Not because they failed. Not because they couldn't handle it. Because they had an idea that wouldn't wait. Startups can't get corporate credit cards. Banks see early-stage companies as radioactive. Founders end up using personal cards, mixing business and personal expenses, building companies on their own credit scores.
Pedro and Henrique knew this pain personally. They'd lived it at Pagar.me. So they dropped out, joined Y Combinator's Winter 2017 batch, and built Brex.
Building Brex: The Second Act
January 2017. Brex is founded. The pitch: corporate credit cards for startups. No credit history required. Instant approval. Built for companies that move fast and break things.
It wasn't revolutionary. Pedro himself admitted it. "We knew Brex wasn't a revolutionary idea - it was just tough to execute." But execution is everything. And execution is where most ideas die.
Eighteen months later, Brex hit unicorn status. $1 billion valuation at age 22. Not because they had a better idea than everyone else. Because they understood the pain better. Because they'd built payments infrastructure before. Because they knew what founders needed before founders knew they needed it.
By 2022, Brex was valued at $12.3 billion. Pedro Franceschi became a billionaire. The youngest in Latin America. The only self-made one in Brazil's top 10 richest under 30.
Then reality hit.
Burnout at the Top
Twice before turning 26, Pedro burned out. Not the "I need a vacation" kind. The real kind.

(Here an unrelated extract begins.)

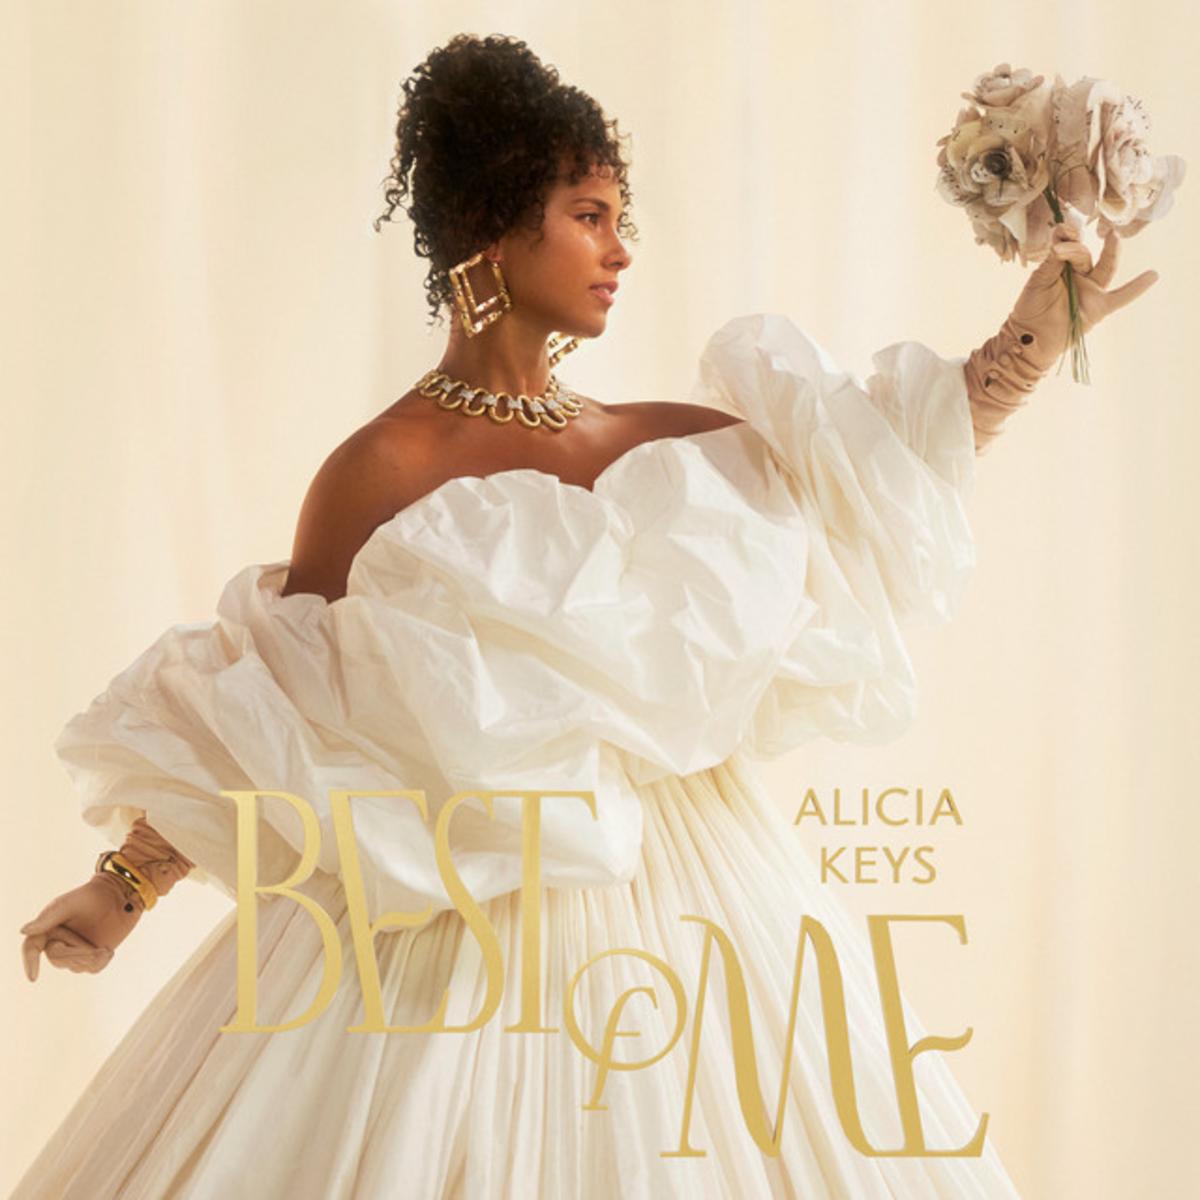 DOWNLOAD MP3: Alicia Keys - Best of Me

The kind where your body stops cooperating and your mind stops making sense.
He talks about it openly now. "Everyone thinks they are irreplaceable, and in the end, they are not. Things are teachable, they are not unique to one person, that's true for everyone."

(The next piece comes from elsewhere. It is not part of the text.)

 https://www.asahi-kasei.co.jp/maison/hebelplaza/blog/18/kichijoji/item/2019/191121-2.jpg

So he restructured. Hired better. Delegated more. Built systems that didn't require him to be the bottleneck. Started living like an athlete instead of a startup founder - which meant treating his body and mind like assets that needed maintenance, not resources to be mined until exhausted.
In 2024, he made another shift. He called it "founder mode." One company roadmap. Pedro as editor-in-chief of everything that ships. Not micromanagement. Clarity. "Switching to founder mode is the best thing I've done at Brex in many years."
"Switching to founder mode is the best thing I've done at Brex in many years. Having a single roadmap for the entire company, where I'm the editor of what ships in each release."
- Pedro Franceschi, 2024The $5.15 Billion Exit
January 2026. Capital One announces it will acquire Brex for $5.15 billion. Half cash, half stock. The largest bank-fintech acquisition in history.
Pedro stays on as CEO. Not as a requirement. As a choice. Brex becomes a standalone division within Capital One's commercial banking arm. Same mission. Bigger scale. Faster growth.
"Joining forces with Capital One means we can deliver on our promise for more businesses faster and at a scale that would have taken years to build independently," Pedro said. Not a sellout. A scale-up.
The deal closed in April 2026. Pedro is 30. He's built two unicorns, sold both, serves on the boards of Coupang (a $50B South Korean e-commerce giant) and previously Stone. He's married - describing it as "the biggest life hack" in a 2024 tweet. He maintains an active GitHub with projects ranging from blog engines to 6502 CPU emulators.
And he's still building.
What's Next
AI-powered finance. That's the bet. Brex is building tools that don't just process payments but understand business patterns, predict cash flow needs, automate financial decisions that currently require humans.
Pedro isn't trying to replace accountants. He's trying to give every startup the financial infrastructure that only giants like Apple and Google currently have. Level the playing field. Make sophisticated financial management accessible to the 22-year-old founders who are exactly where he was a decade ago.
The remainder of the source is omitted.